According to [the GRUAN page](https://www.gruan.org/network/sites/beltsville), we want to find the point closest to 39.0542 °N, 76.8775 °W. In ERA5-Land, which has a resolution of 0.1°, this turns out to be the point (39.1, -76.9). I have already extracted a few years of data for that point to the file `era5-land_bel.nc`. This file is available if you are running the notebook on the MyBinder for the repo (or have cloned the repo). Otherwise, you will need to download it if you want to follow along.

First, we load and examine the data set.

In the notebook, you can interact with the data set's fancy HTML representation, which will show up if you have xarray [v0.15.1+](http://xarray.pydata.org/en/stable/whats-new.html#v0-15-1-23-mar-2020).

In [None]:
ds = xr.open_dataset("era5-land_bel.nc")
ds

Examine a variable.

In [None]:
ds.t2m

### Sample time series plots

In [None]:
ds.u10.plot.line(**xrp);

Notice how xarray does all of the labeling for us, including units and descriptive name for the variable being plotted. This is possible because the data set we have loaded follows the [CF Conventions](https://cfconventions.org/), specifying `units` and `long_name` attributes for each variable.
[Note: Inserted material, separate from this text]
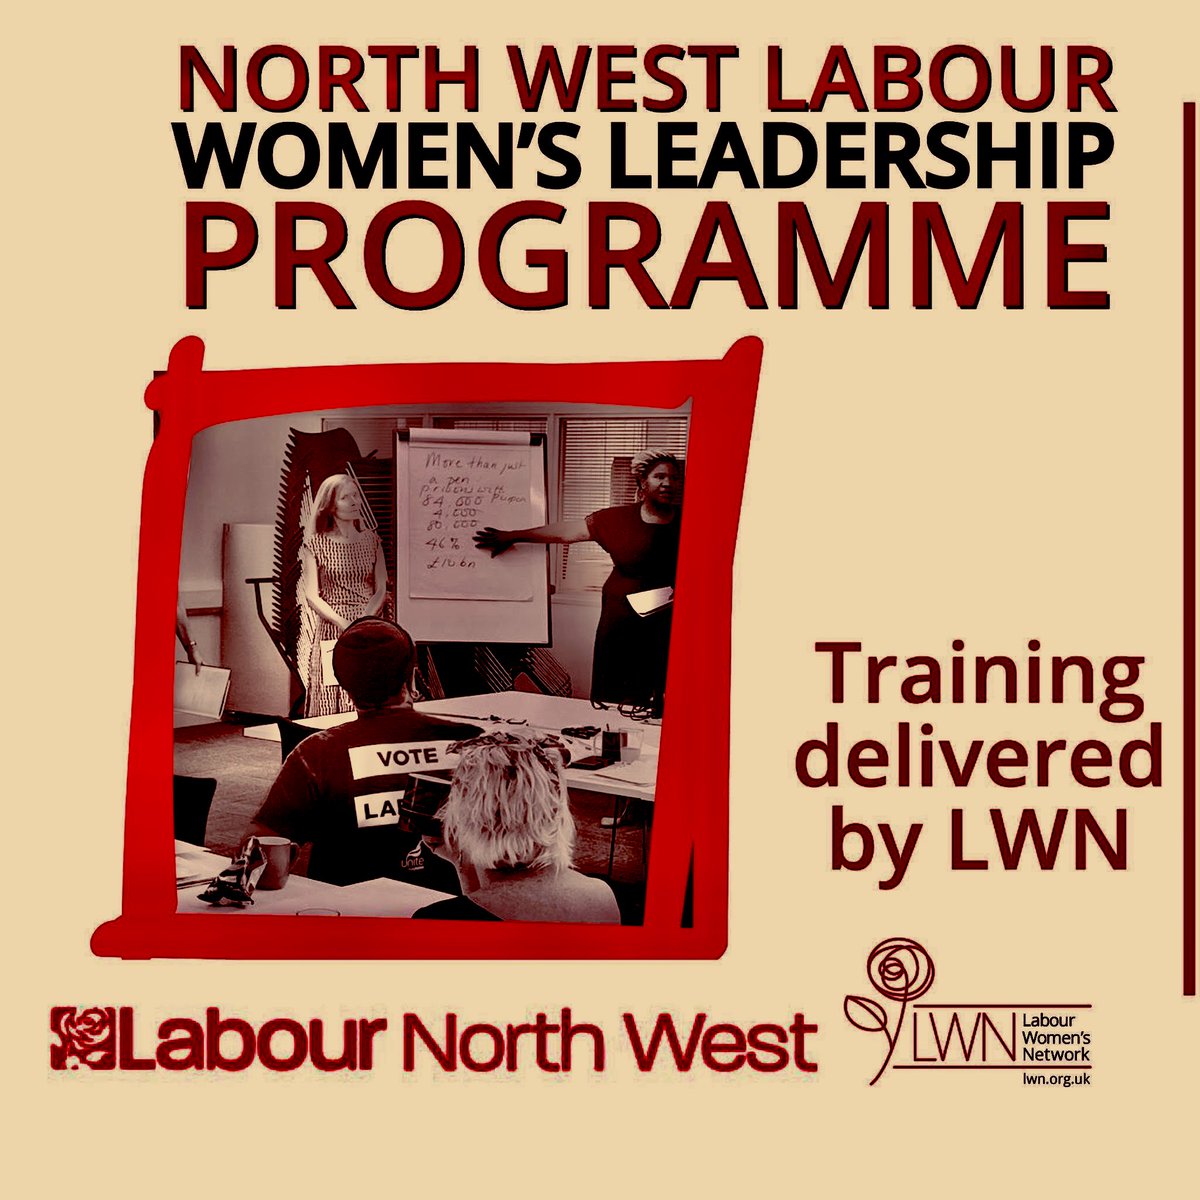 Calling all @LabourNorthWest sisters! Why not apply to invest in yourself this weekend? The first ever North West Labour Women's Leadership Programme is open for applications. Boost your political future!🌹 Deadline midnight Sunday. For all info visit: lwn.org.uk/nw_women_in_le…

See the [xarray guide to plotting page](http://xarray.pydata.org/en/stable/plotting.html) for more info.

Using the [`.rolling` method](http://xarray.pydata.org/en/stable/generated/xarray.DataArray.rolling.html) of a data array, we can easily plot moving averages. Here we select the variable `t2m`, the 2-m temperature. See the [xarray indexing/selecting guide page](http://xarray.pydata.org/en/stable/indexing.html) for more info.

In [None]:
ds.t2m.plot.line(**xrp, lw=0.5, alpha=0.3, label="original hourly data")
ax = plt.gca(); ylabel = ax.get_ylabel()  # save the auto-added label

# Add some moving averages (the time resolution is 1 hour)
ds.t2m.rolling(time=24, center=True).mean().plot(lw=1.0, alpha=0.5, label="1 day moving average")
ds.t2m.rolling(time=24*30, center=True).mean().plot(lw=1.2, alpha=0.8, label="30 day moving average")
ds.t2m.rolling(time=24*90, center=True).mean().plot(lw=1.8, alpha=1.0, label="90 day moving average")
ax.set_ylabel(ylabel)  # put the label back
ax.legend();

👆 It appears that the near-surface temperature data we have could use some quality control: there are quite a few times when temperature spikes to ~310 K during the winter! But we won't worry about that now...

We see that adding more points to our moving average makes the seasonal cycle and interannual variability more clear.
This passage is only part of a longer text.